Assad and two others in Syria poll fray

Supreme Constitutional Court says current president and two other candidates are eligible for June presidential poll.

The upcoming presidential vote has been mocked by the opposition as a "farce" [AFP]

President Bashar al-Assad and two others will be in the fray in the June presidential election, an official with Syria’s Supreme Constitutional Court has said.

Twenty-four candidates had submitted bids to run in the June 3 election that Assad is widely expected to win.

But the court’s spokesman, Majid Khadra, announced on Syrian state television on Sunday that only three applicants met requirements of the election law to run.

Assad, who is seeking a third seven-year term, will face Hassan bin Abdullah al-Nouri, a 54-year-old member of parliment from Damascus, and 43-year-old Maher Abdul-Hafiz Hajjar, an MP from the northern city of Aleppo.

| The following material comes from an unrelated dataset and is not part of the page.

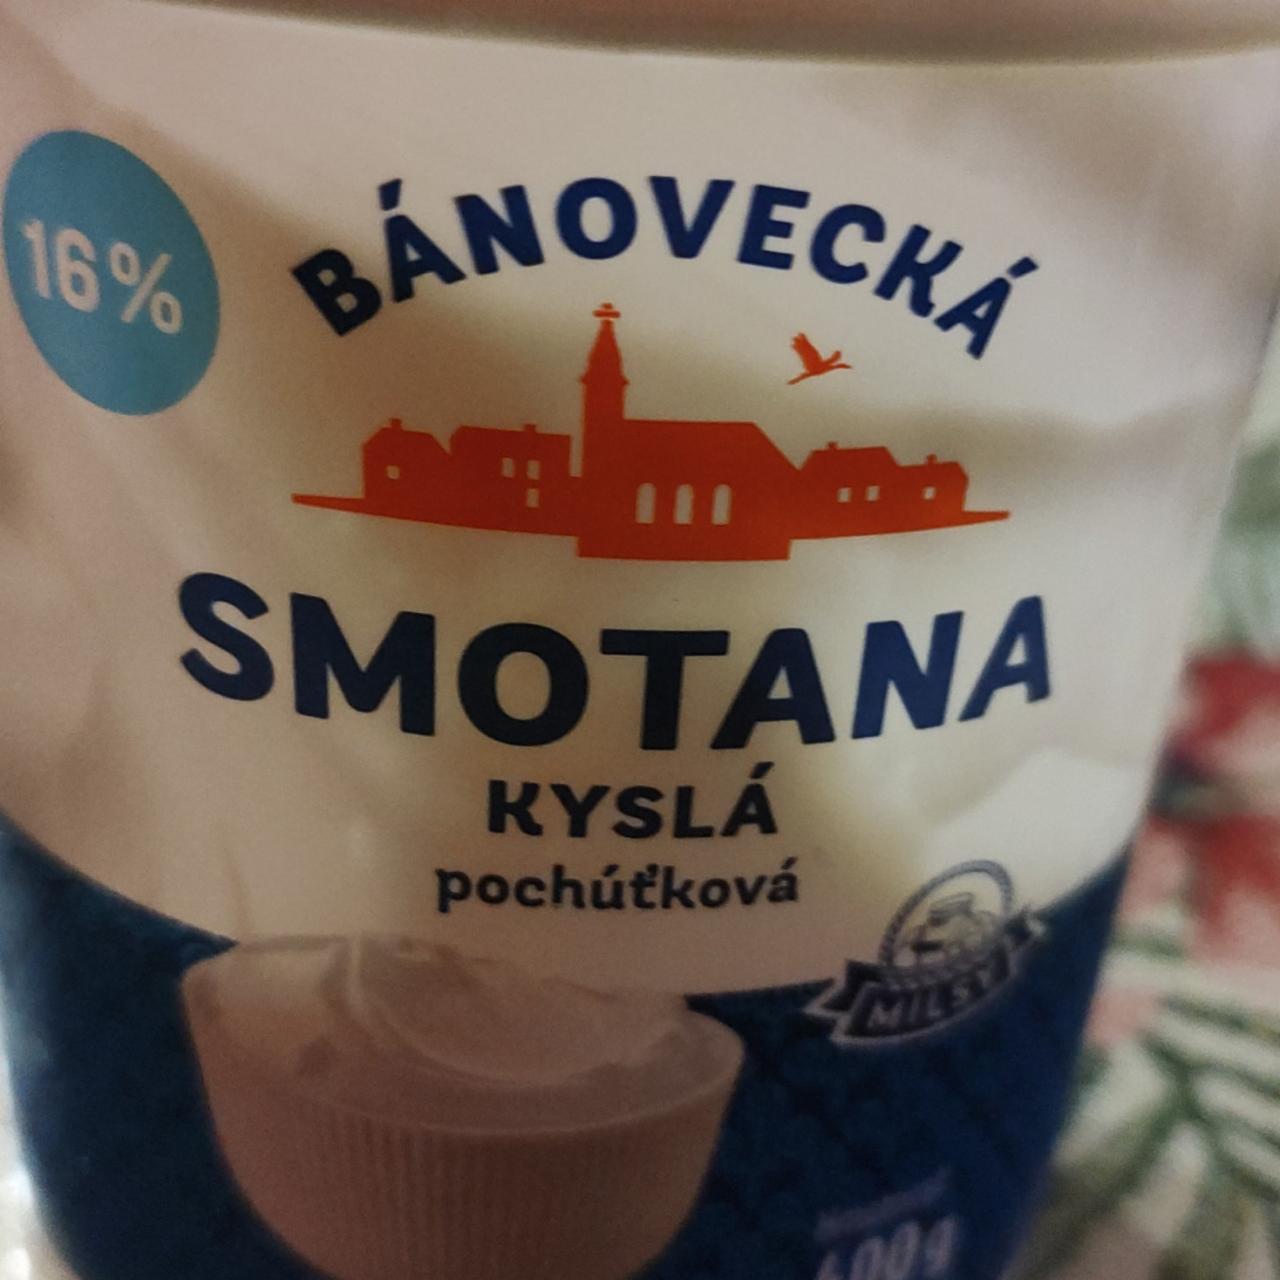 Fotografie - Bánovecká Smotana kyslá pochúťková 16% Milsy
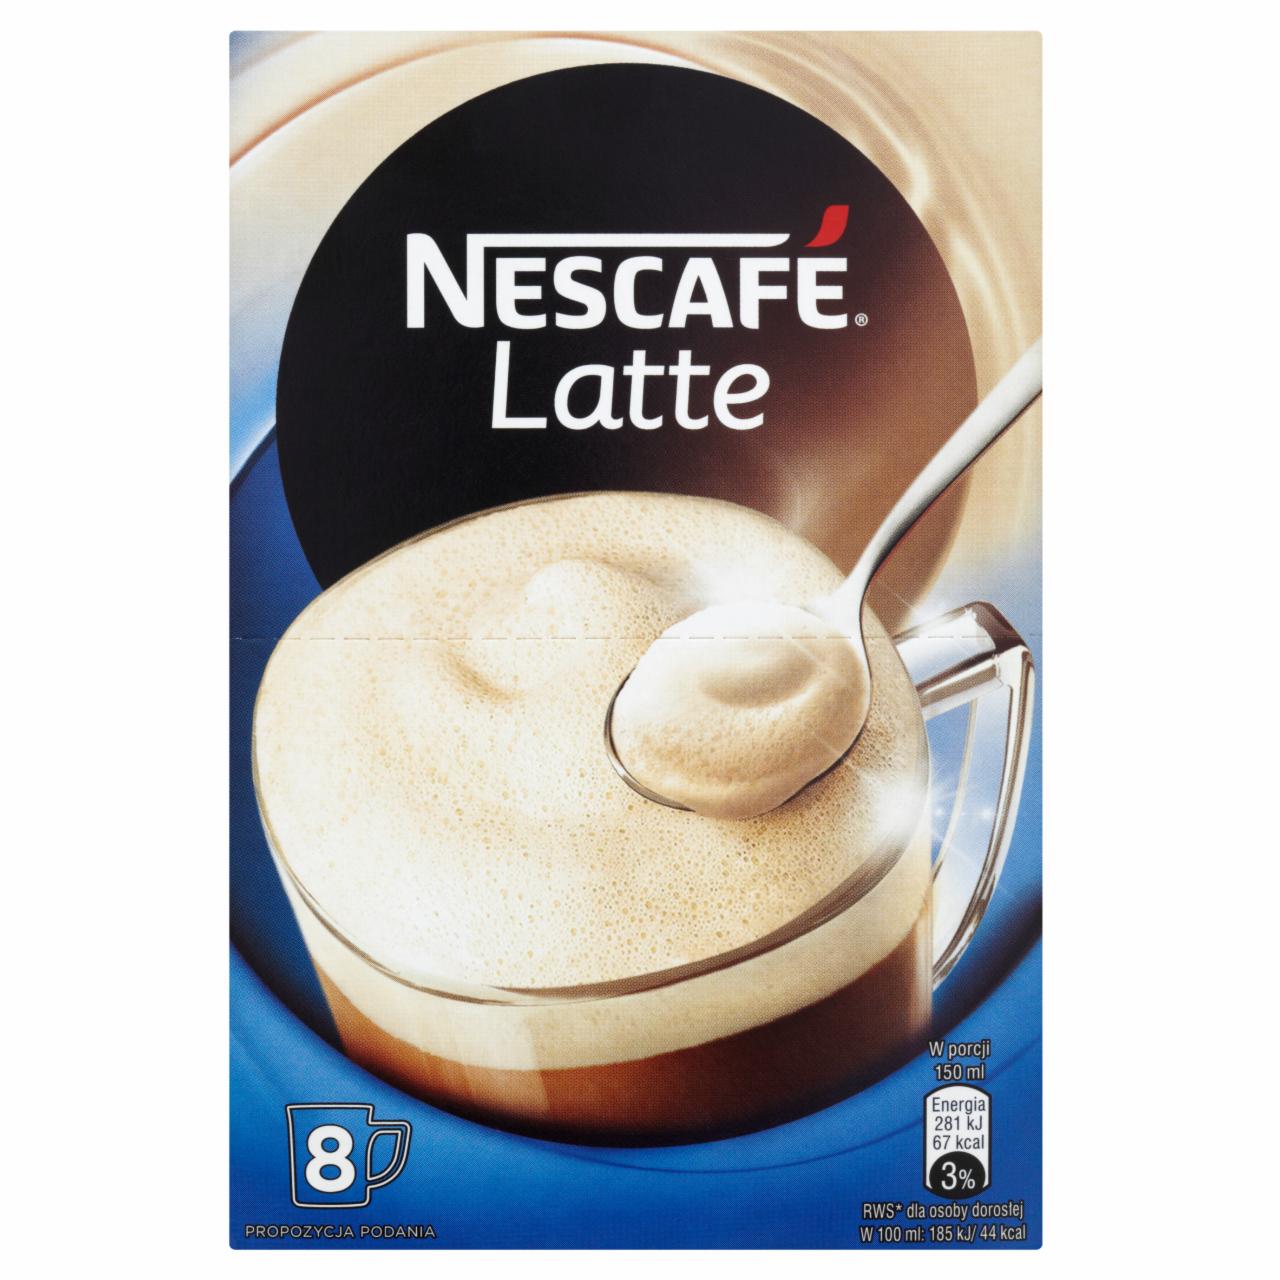 Zdjęcia - Nescafé Latte Rozpuszczalny napój kawowy 120 g (8 sztuk)

Both Hajjar and Nouri are largely unknown to the Syrian public.

Candidates whose bids were rejected have until May 7 to appeal the court’s decision.

While the election is the country’s first multi-candidate vote, the rules effectively rule out all opponents to Assad’s regime from running.

Anyone who has lived outside Syria in the past decade is excluded, effectively barring most prominent opposition figures, who live in exile.

The vote will only be held in areas under government control.

The election is being held amid a brutal civil war that has killed more than 150,000 people since March 2011 and made millions homeless.

The regime has barred refugees who left the country “illegally” from voting.